Subscribe to the feed, available in Image Atom or Image RSS format.
Get Involved
Post Reply
User avatar
psoTFX
Former Team Member
Posts: 7425
Joined: Tue Jul 03, 2001 8:50 pm

Vulnerability with highlight

Post by psoTFX » Fri Nov 22, 2002 12:28 pm

It has been brought to our attention (after the public were informed) that a vulnerability exists within the highlighting code in viewtopic.
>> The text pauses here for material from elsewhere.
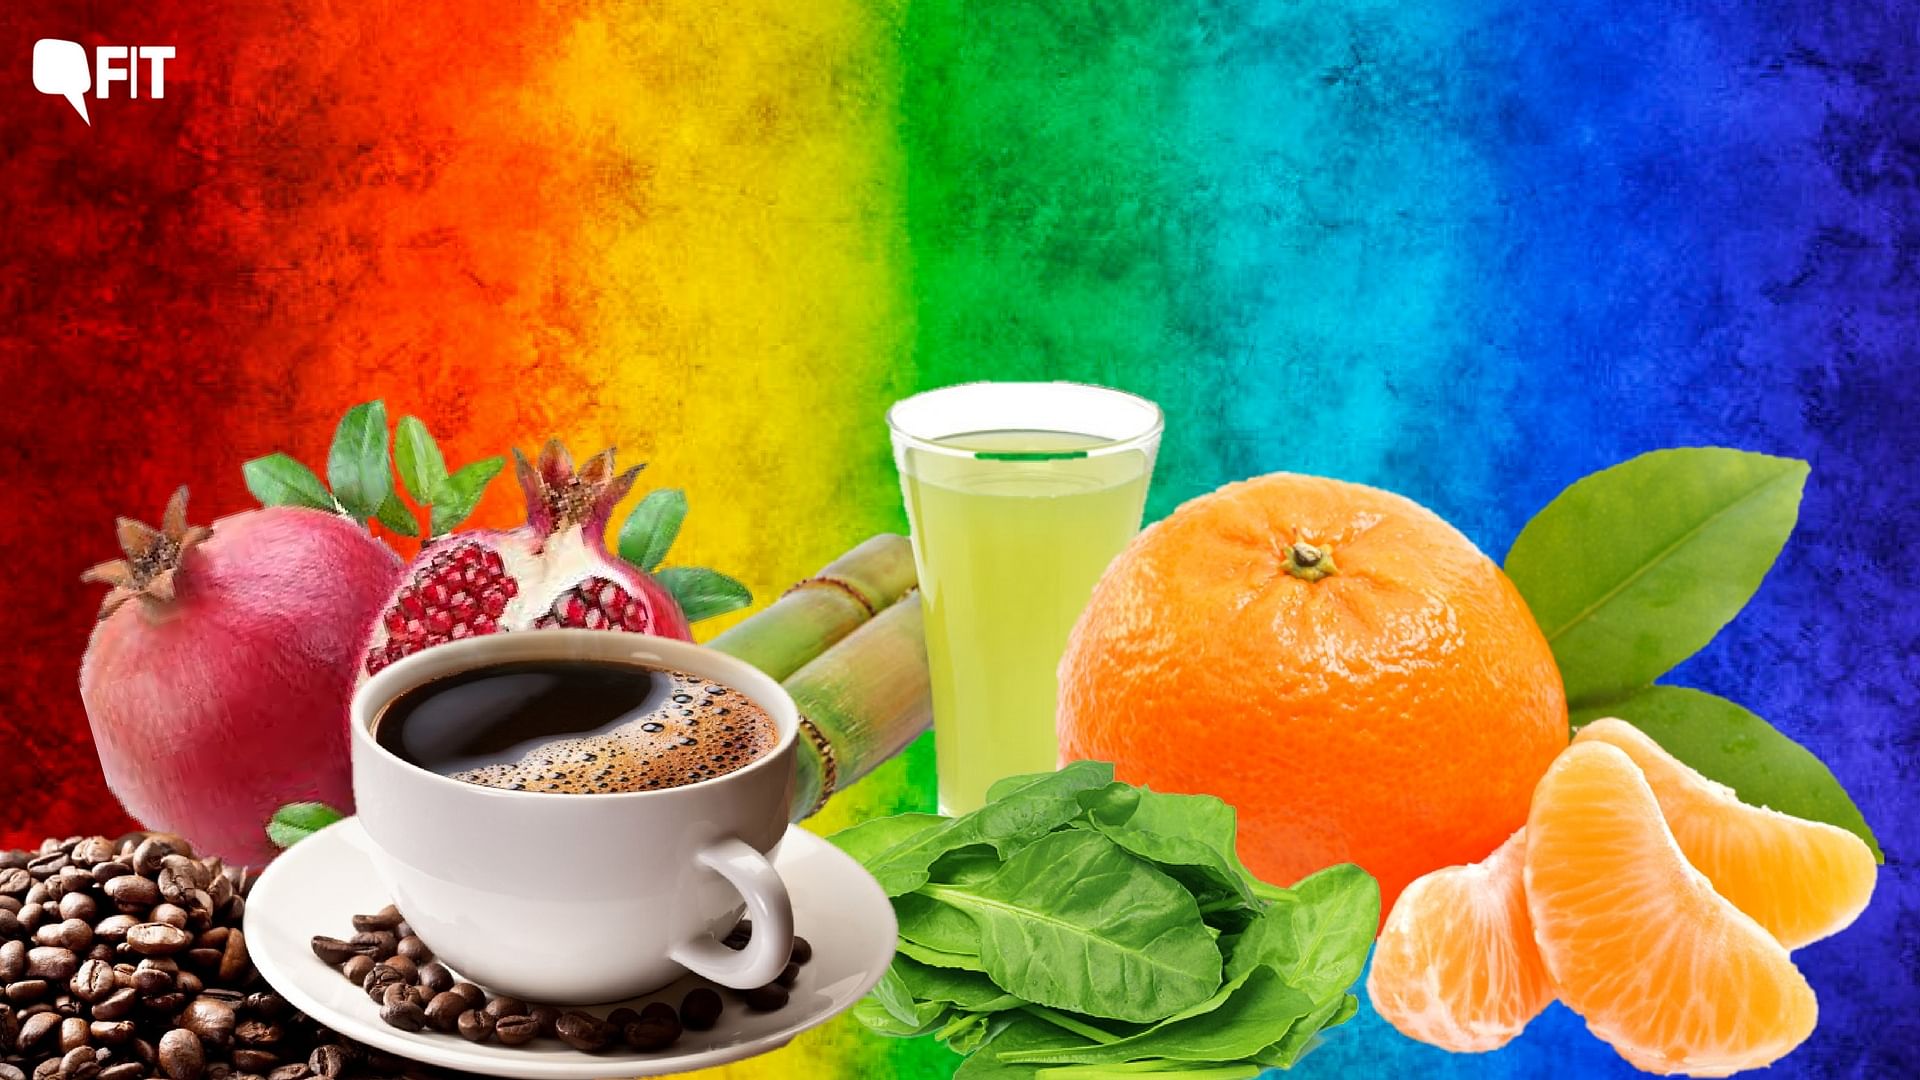 How often have you heard the phrase “Eat a rainbow diet” and just shrugged and moved on?

While this vulnerability is unlikely to affect the majority of people you will find below a relevant (working ... unlike what you may have read on various lists ...) fix below. A new version of phpBB will be released in the near future. The vulnerability will only become apparent if you click (or directly) enter a link with some relevant content (e.g. script tags, etc.) ... so one easy way to prevent problems is "watch what you click!"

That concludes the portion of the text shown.